I'll never fergit the day Bill come—'twas harvest
time again—
An' the air blown over the yeller fields was sweet
with the scent o' the grain;
The dooryard was full o' the neighbors, who had
come to share our joy,
An' all of us sent up a mighty cheer at the sight o'
that soldier boy.
An' all of a sudden somebody said: "My God!
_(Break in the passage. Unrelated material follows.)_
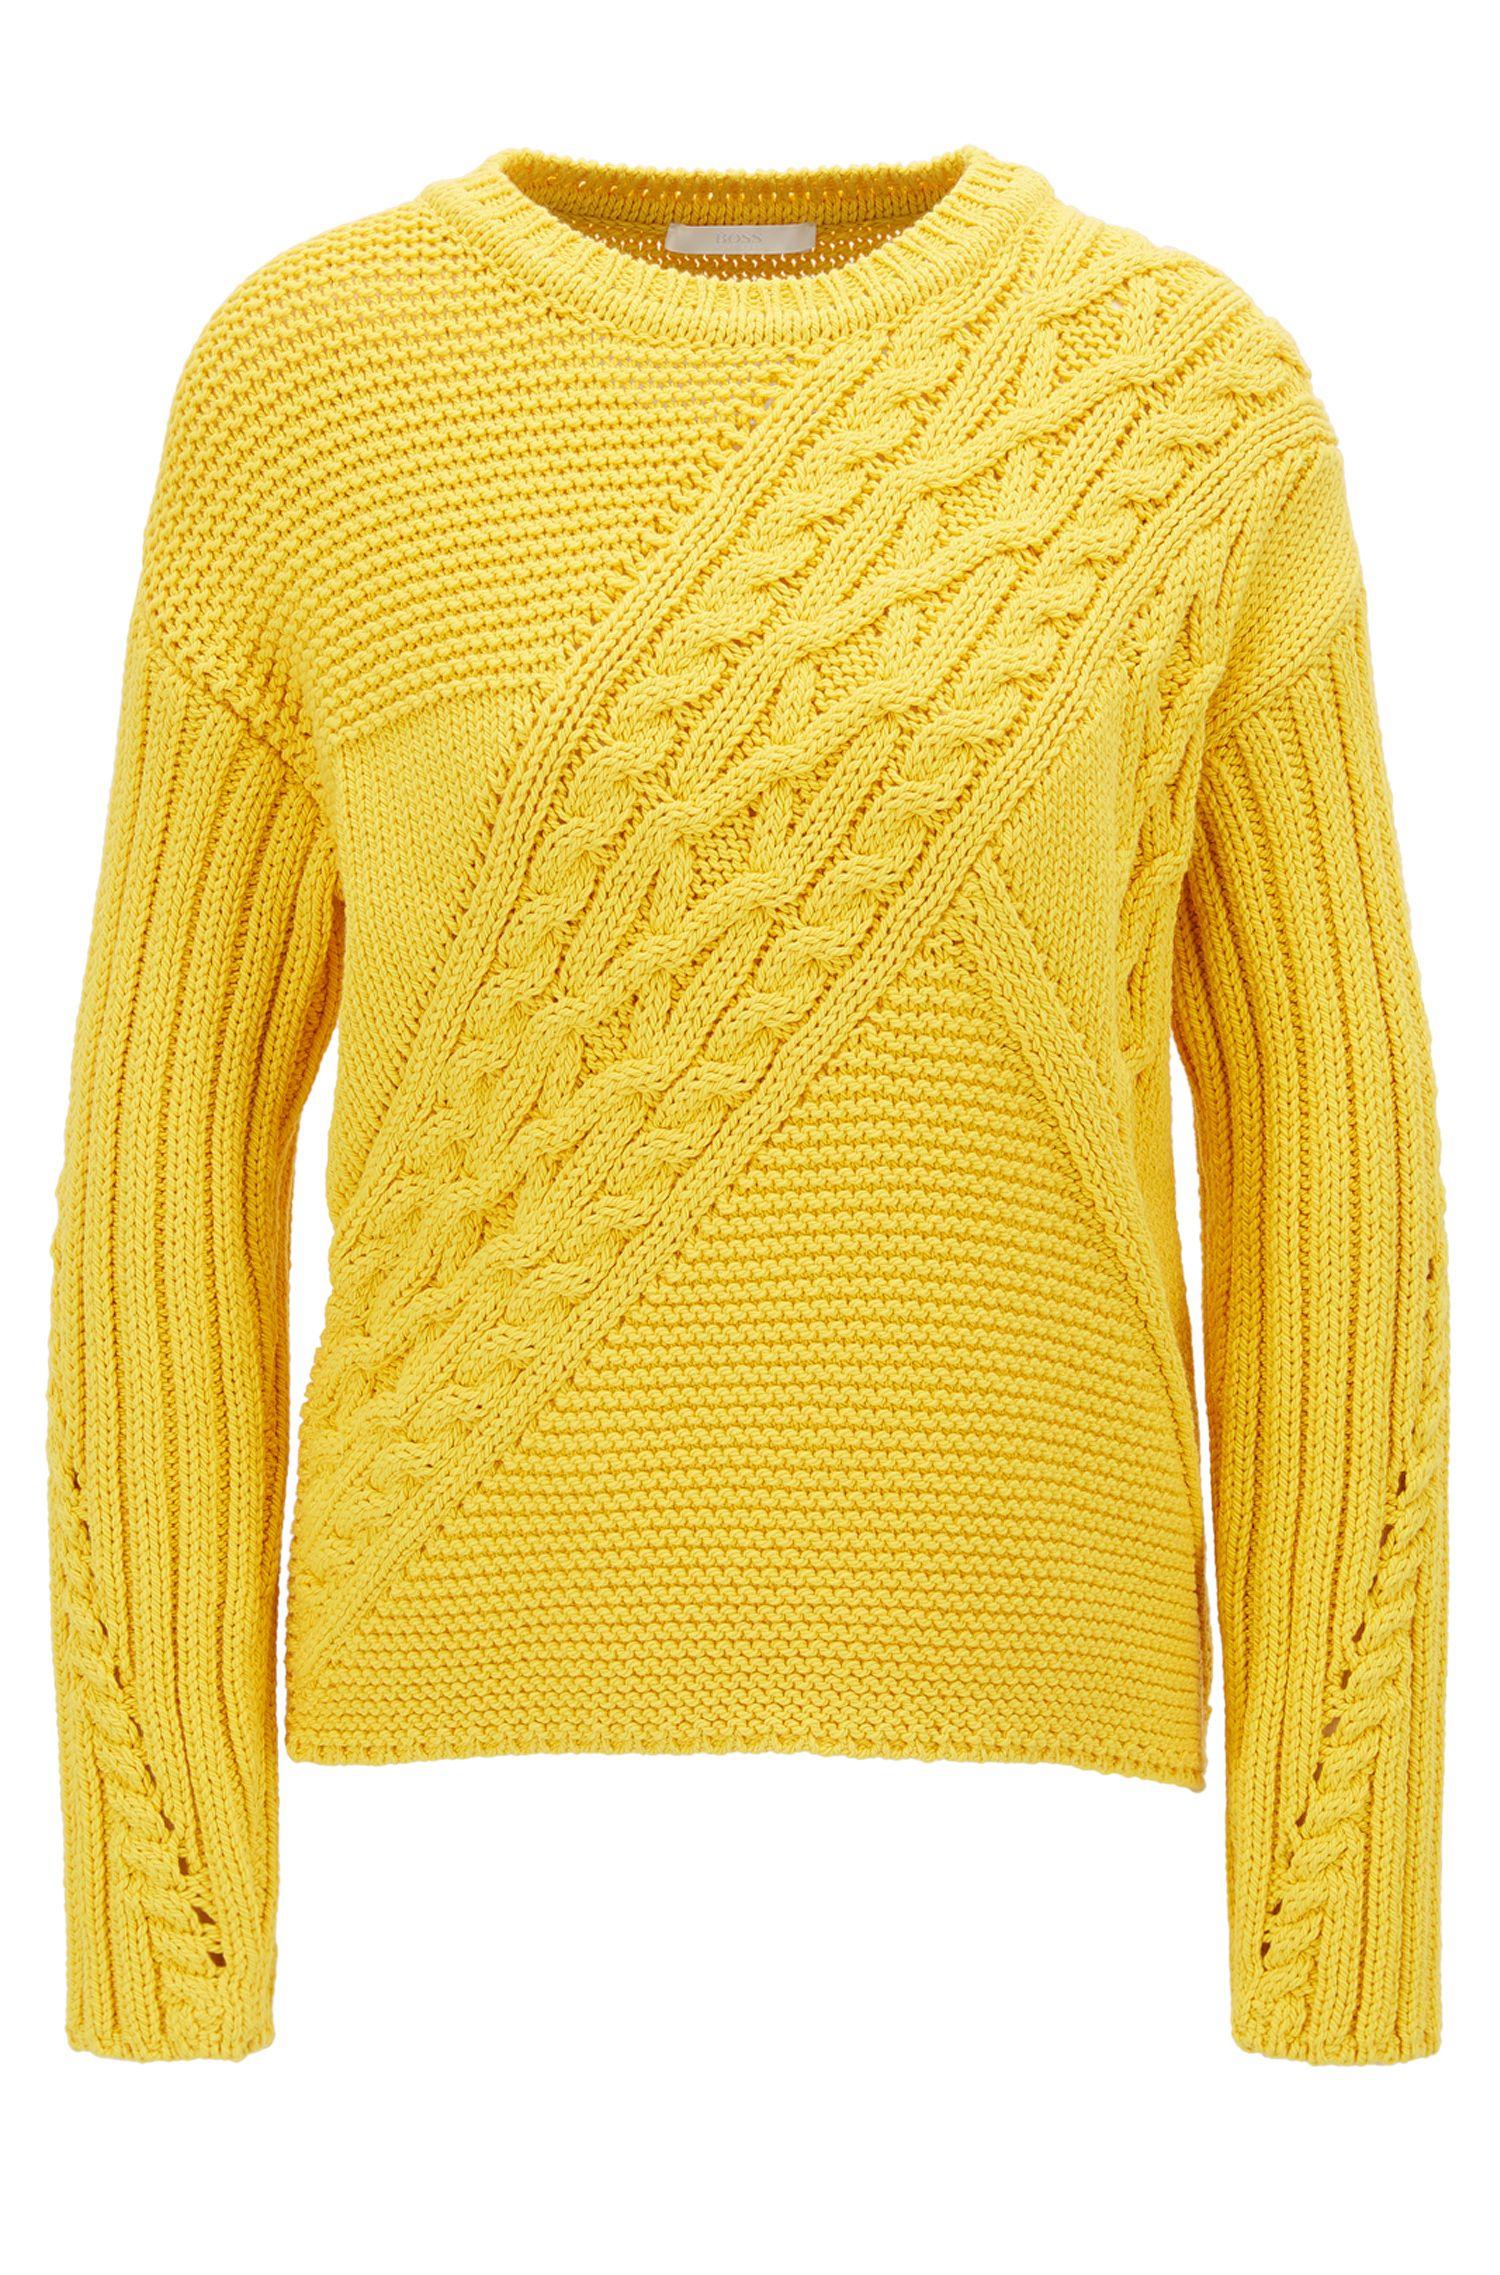 Jersey de punto patchwork en mezcla de algodón

don't the boy know his mother?"
An' Bill stood a-whisperin', fearful like, an' a-starin'
from one to another;
"Don't be afraid, Bill," says he to himself, as he
stood in his coat o' blue,
"Why, God 'll take care o' you, Bill, God 'll take
care o' you."
He seemed to be loadin' an' firin' a gun, an' to act
like a man who hears
The awful roar o' the battle-field a-soundin' in his
ears;
Ten thousan' ghosts o' that bloody day was marchin'
through his brain
An' his feet they kind o' picked their way as if
they felt the slain.
An' I grabbed his hand, an' says I to Bill, "Don't
ye 'member me?
I'm yer father—don't ye know me? How frightened
ye seem to be!"
But the boy kep' a-whisperin' to himself, as if
'twas all he knew,
"God'll take o' you, Bill, God'll take care o'
you."
He's never known us since that day, nor his
sweetheart, an' never will;
Father an' mother an' sweetheart are all the same
to Bill.
An' he groans like a wounded soldier, sometimes
the whole night through,
An' we smooth his head, an' say: "Yes, Bill,
He 'll surely take care o' you."
Ye can stop a war in a minute, but when can ye
stop the groans?
Fer ye've broke our hearts an' sapped our blood
an' plucked away our bones.
An' ye've filled our souls with bitterness that goes
from sire to son,
So ye best be kind o' careful down there in Washington.